Try it.
Your answer must be the exact lines from the one holding "Balkenliebe Wohnzimmer In" through the final line of the records below, both included, and nothing more.

Data for the task.
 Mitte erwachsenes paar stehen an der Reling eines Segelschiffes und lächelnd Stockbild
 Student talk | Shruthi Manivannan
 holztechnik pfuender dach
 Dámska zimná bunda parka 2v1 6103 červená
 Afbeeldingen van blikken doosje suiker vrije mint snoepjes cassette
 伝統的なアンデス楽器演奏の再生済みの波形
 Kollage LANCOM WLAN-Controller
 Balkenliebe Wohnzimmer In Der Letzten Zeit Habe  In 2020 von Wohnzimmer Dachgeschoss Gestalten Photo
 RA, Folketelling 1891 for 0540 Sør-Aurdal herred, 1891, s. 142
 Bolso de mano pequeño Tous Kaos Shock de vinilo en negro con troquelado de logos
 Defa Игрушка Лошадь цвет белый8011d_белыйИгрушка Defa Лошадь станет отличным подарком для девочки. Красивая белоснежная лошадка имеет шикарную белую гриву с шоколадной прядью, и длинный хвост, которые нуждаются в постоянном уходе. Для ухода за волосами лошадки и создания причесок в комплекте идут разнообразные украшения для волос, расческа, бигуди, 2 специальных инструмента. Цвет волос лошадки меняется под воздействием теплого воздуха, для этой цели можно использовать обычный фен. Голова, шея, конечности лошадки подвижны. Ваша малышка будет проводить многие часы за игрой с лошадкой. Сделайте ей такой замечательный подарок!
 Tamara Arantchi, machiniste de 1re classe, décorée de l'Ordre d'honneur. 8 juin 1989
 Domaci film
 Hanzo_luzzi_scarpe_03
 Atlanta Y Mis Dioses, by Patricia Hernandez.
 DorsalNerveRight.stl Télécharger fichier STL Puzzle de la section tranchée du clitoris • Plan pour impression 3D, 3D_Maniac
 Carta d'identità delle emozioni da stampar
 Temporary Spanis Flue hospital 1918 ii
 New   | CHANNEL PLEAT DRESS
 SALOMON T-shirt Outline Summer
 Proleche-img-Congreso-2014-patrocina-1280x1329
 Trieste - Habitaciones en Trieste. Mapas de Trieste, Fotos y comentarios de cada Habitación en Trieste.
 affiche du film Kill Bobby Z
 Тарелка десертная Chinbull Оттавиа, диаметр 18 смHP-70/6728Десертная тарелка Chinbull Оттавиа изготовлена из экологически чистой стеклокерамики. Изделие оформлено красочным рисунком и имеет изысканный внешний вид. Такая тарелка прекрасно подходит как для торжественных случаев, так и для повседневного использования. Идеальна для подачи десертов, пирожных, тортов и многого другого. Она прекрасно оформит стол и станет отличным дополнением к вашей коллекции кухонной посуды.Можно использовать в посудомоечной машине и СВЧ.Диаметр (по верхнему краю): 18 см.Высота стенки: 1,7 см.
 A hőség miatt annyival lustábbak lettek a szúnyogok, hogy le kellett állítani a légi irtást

Output for this task.
 Balkenliebe Wohnzimmer In Der Letzten Zeit Habe  In 2020 von Wohnzimmer Dachgeschoss Gestalten Photo
 RA, Folketelling 1891 for 0540 Sør-Aurdal herred, 1891, s. 142
 Bolso de mano pequeño Tous Kaos Shock de vinilo en negro con troquelado de logos
 Defa Игрушка Лошадь цвет белый8011d_белыйИгрушка Defa Лошадь станет отличным подарком для девочки. Красивая белоснежная лошадка имеет шикарную белую гриву с шоколадной прядью, и длинный хвост, которые нуждаются в постоянном уходе. Для ухода за волосами лошадки и создания причесок в комплекте идут разнообразные украшения для волос, расческа, бигуди, 2 специальных инструмента. Цвет волос лошадки меняется под воздействием теплого воздуха, для этой цели можно использовать обычный фен. Голова, шея, конечности лошадки подвижны. Ваша малышка будет проводить многие часы за игрой с лошадкой. Сделайте ей такой замечательный подарок!
 Tamara Arantchi, machiniste de 1re classe, décorée de l'Ordre d'honneur. 8 juin 1989
 Domaci film
 Hanzo_luzzi_scarpe_03
 Atlanta Y Mis Dioses, by Patricia Hernandez.
 DorsalNerveRight.stl Télécharger fichier STL Puzzle de la section tranchée du clitoris • Plan pour impression 3D, 3D_Maniac
 Carta d'identità delle emozioni da stampar
 Temporary Spanis Flue hospital 1918 ii
 New   | CHANNEL PLEAT DRESS
 SALOMON T-shirt Outline Summer
 Proleche-img-Congreso-2014-patrocina-1280x1329
 Trieste - Habitaciones en Trieste. Mapas de Trieste, Fotos y comentarios de cada Habitación en Trieste.
 affiche du film Kill Bobby Z
 Тарелка десертная Chinbull Оттавиа, диаметр 18 смHP-70/6728Десертная тарелка Chinbull Оттавиа изготовлена из экологически чистой стеклокерамики. Изделие оформлено красочным рисунком и имеет изысканный внешний вид. Такая тарелка прекрасно подходит как для торжественных случаев, так и для повседневного использования. Идеальна для подачи десертов, пирожных, тортов и многого другого. Она прекрасно оформит стол и станет отличным дополнением к вашей коллекции кухонной посуды.Можно использовать в посудомоечной машине и СВЧ.Диаметр (по верхнему краю): 18 см.Высота стенки: 1,7 см.
 A hőség miatt annyival lustábbak lettek a szúnyogok, hogy le kellett állítani a légi irtást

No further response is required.